Ce IV n'introduit pas de modification de fond par rapport aux troisième et quatrième alinéas de l'article actuellement en vigueur. Le V précise de quel délai dispose le procureur pour adresser au juge d'instruction des réquisitions complémentaires lorsque les parties ont adressé des observations. Ce délai est de dix jours , à compter de la date à laquelle ces observations lui ont été communiquées, si une personne mise en examen est détenue et d' un mois dans les autres cas. Ces délais sont inchangés par rapport au droit en vigueur. Symétriquement, le VI prévoit que les parties peuvent adresser au juge d'instruction des observations complémentaires une fois que les réquisitions du procureur leur ont été communiquées.

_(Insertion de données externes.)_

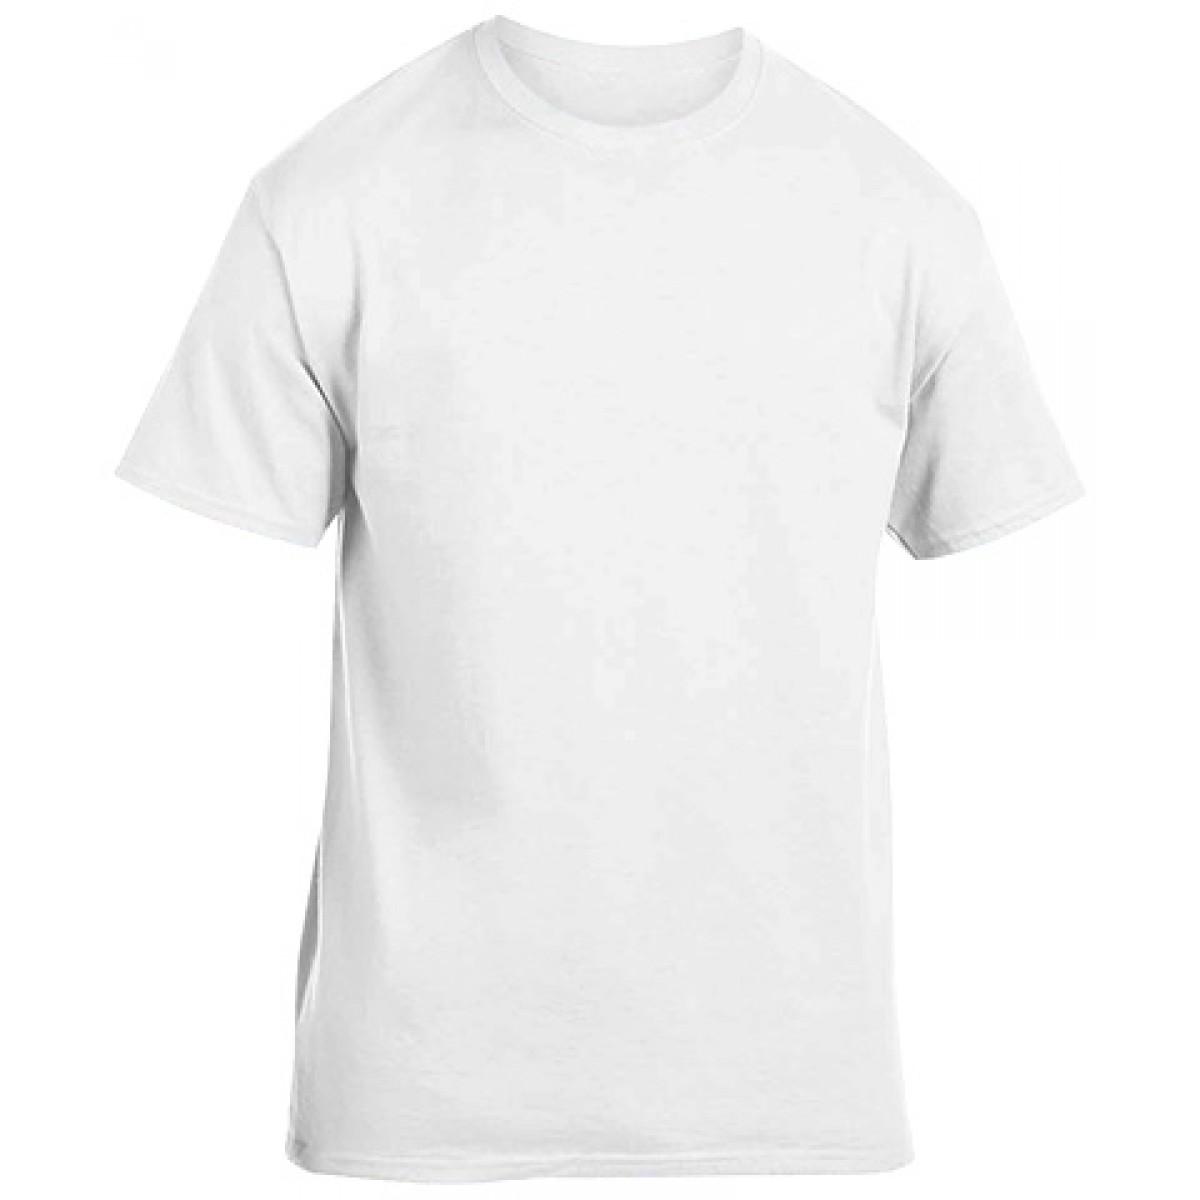 Soft 100% Cotton T-Shirt-White-YM

Les délais sont les mêmes qu'à l'alinéa précédent dix jours ou un mois , sans changement par rapport au droit en vigueur. Le VII prévoit que le juge d'instruction peut rendre son ordonnance de règlement à l'expiration de ces différents délais délais d'un mois ou de trois mois, puis délais de dix jours ou d'un mois en cas de réquisitions complémentaires ou d'observations complémentaires , même s'il n'a reçu aucune réquisition ni observation dans les délais prescrits. Par rapport au droit en vigueur, cette rédaction permettrait au juge d'instruction de rendre son ordonnance dans un délai plus court.

Actuellement, il doit en effet attendre l'expiration du premier délai d'un mois ou de trois mois, puis l'expiration du deuxième délai, de dix jours ou un mois, avant de rendre son ordonnance. En l'absence de mis en examen détenu, il s'écoule donc un délai total de quatre mois, même lorsque le parquet a communiqué ses réquisitions rapidement et que les autres parties n'ont formulé aucune demande ni requête. Ce délai est ramené à un mois et dix jours en présence d'un mis en examen détenu. Avec la nouvelle rédaction, le juge pourrait, si les parties ne se manifestent pas dans le délai de dix jours qui leur est imparti, rendre son ordonnance au bout de trois mois ou au bout d'un mois, selon les hypothèses.

Les termes de témoin assisté désignent le statut de la personne qui est mise en cause au cours d'une instruction judiciaire, mais à qui il n'est pas directement reproché la commission d'une infraction. Il s'agit d'un statut intermédiaire entre celui de mis en examen et celui de simple témoin, qui confère certains droits à la personne qui en est l'objet. Votre commission approuve l'économie générale de ce dispositif qui devrait permettre de prendre un peu plus rapidement les ordonnances de règlement.